Dejaron de lado la cuestión que tanto les confundía, y esperaron con sentimientos encontrados la llegada de la hija mayor. Dos días después, un cabriolé dejó en casa de los guardeses a la señorita May, con su cesta de la ropa, su maleta, su bolsa de viaje, varios periódicos y uno o dos volúmenes con la etiqueta amarilla de Mudie*. La joven iba bien vestida de un modo práctico y severo: no llevaba nada excesivamente femenino que destacara su figura y, por lo que se refiere al cuello y la corbata, tendía a seguir el ejemplo del otro sexo; por lo demás, su tez suave y sus ojos brillantes, su silueta bien torneada y sus movimientos ligeros y rápidos tenían un atractivo del que la señorita May era ciertamente consciente. No hizo gala de ningún sentimentalismo excesivo cuando su madre y su hermana salieron a recibirla: con una inclinación de cabeza, una sonrisa, un ofrecimiento de la mejilla y la amable exclamación: «¡En fin, buena gente!» superó la escena con una dignidad muy apropiada.

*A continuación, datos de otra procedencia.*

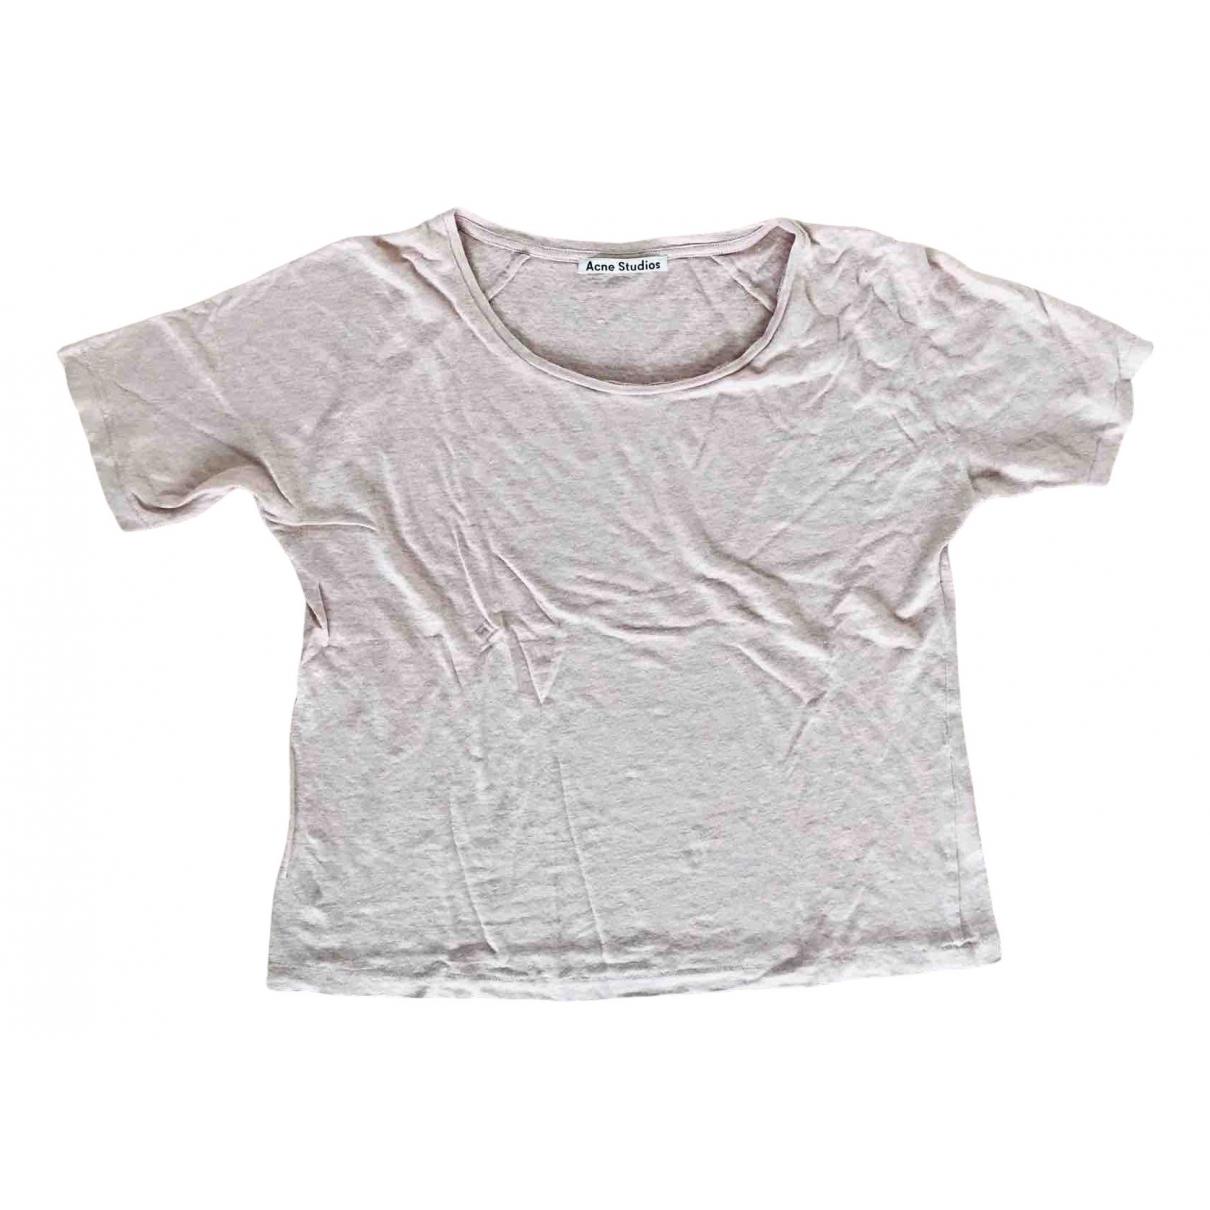 Acne Studios - Top   pour femme en lin - rose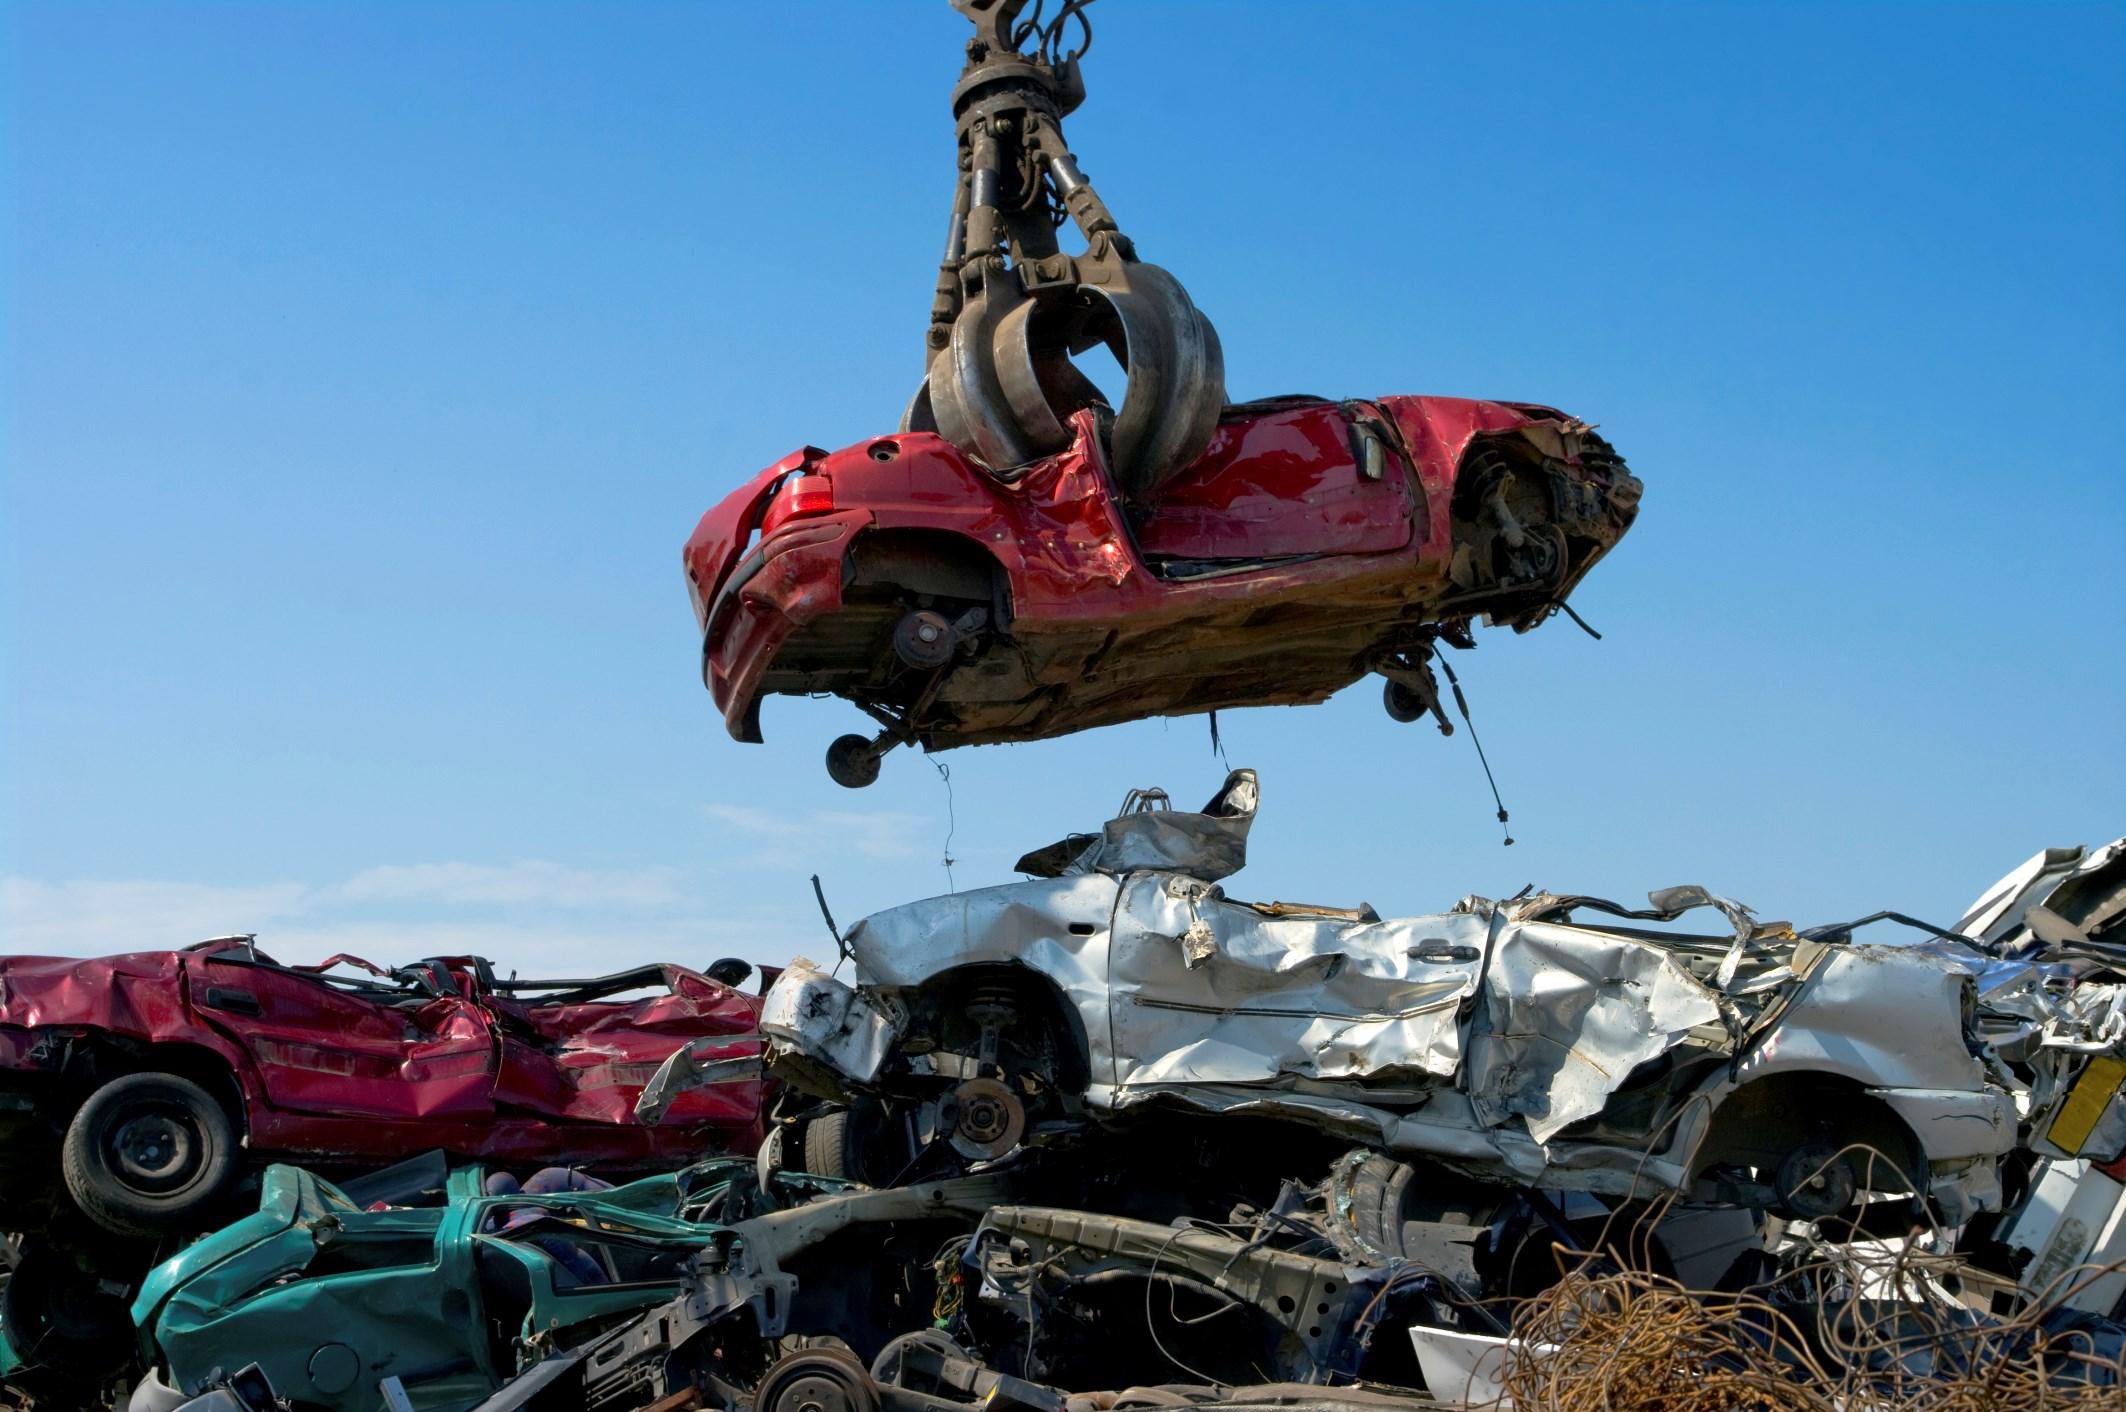 Delhi Scrapping of Vehicles Rules, 2018 to fuel aluminium scrap ...

—Lleve las cosas dentro, por favor —le dijo al cochero con su voz agradable y aguda, y el tono y el ademán de quien está habituado a dar órdenes. Su padre, encorvado por el reumatismo, la esperaba dentro. Ella le estrechó cordialmente la mano y gritó en tono alegre—: Bueno, padre, ¿cómo sigue usted? Espero que al menos no haya empeorado. —Luego añadió mirándole con la cabeza ligeramente ladeada—: Tenemos que hablar de su caso. En los últimos tiempos he estudiado un poco de medicina. No me cabe duda de que ese médico del pueblo es un zoquete. Siéntese, siéntese, y póngase cómodo. No quiero molestar a nadie. Es casi la hora del té, ¿no, madre? Yo no lo quiero muy fuerte, por favor, y con una rodaja de limón, si es que tienen, y una tostada.

Tan poco dispuesta estaba May a alterar las costumbres de la familia que, apenas media hora después de su llegada, los tres habían caído ya en un estado de agitación nerviosa y apenas podían hacer o decir nada con naturalidad. De pronto se oyeron unos golpes en la ventana. La señora Rockett y Betsy se sobresaltaron, y Betsy corrió a abrir la puerta. Al cabo de un momento volvió con las mejillas encendidas.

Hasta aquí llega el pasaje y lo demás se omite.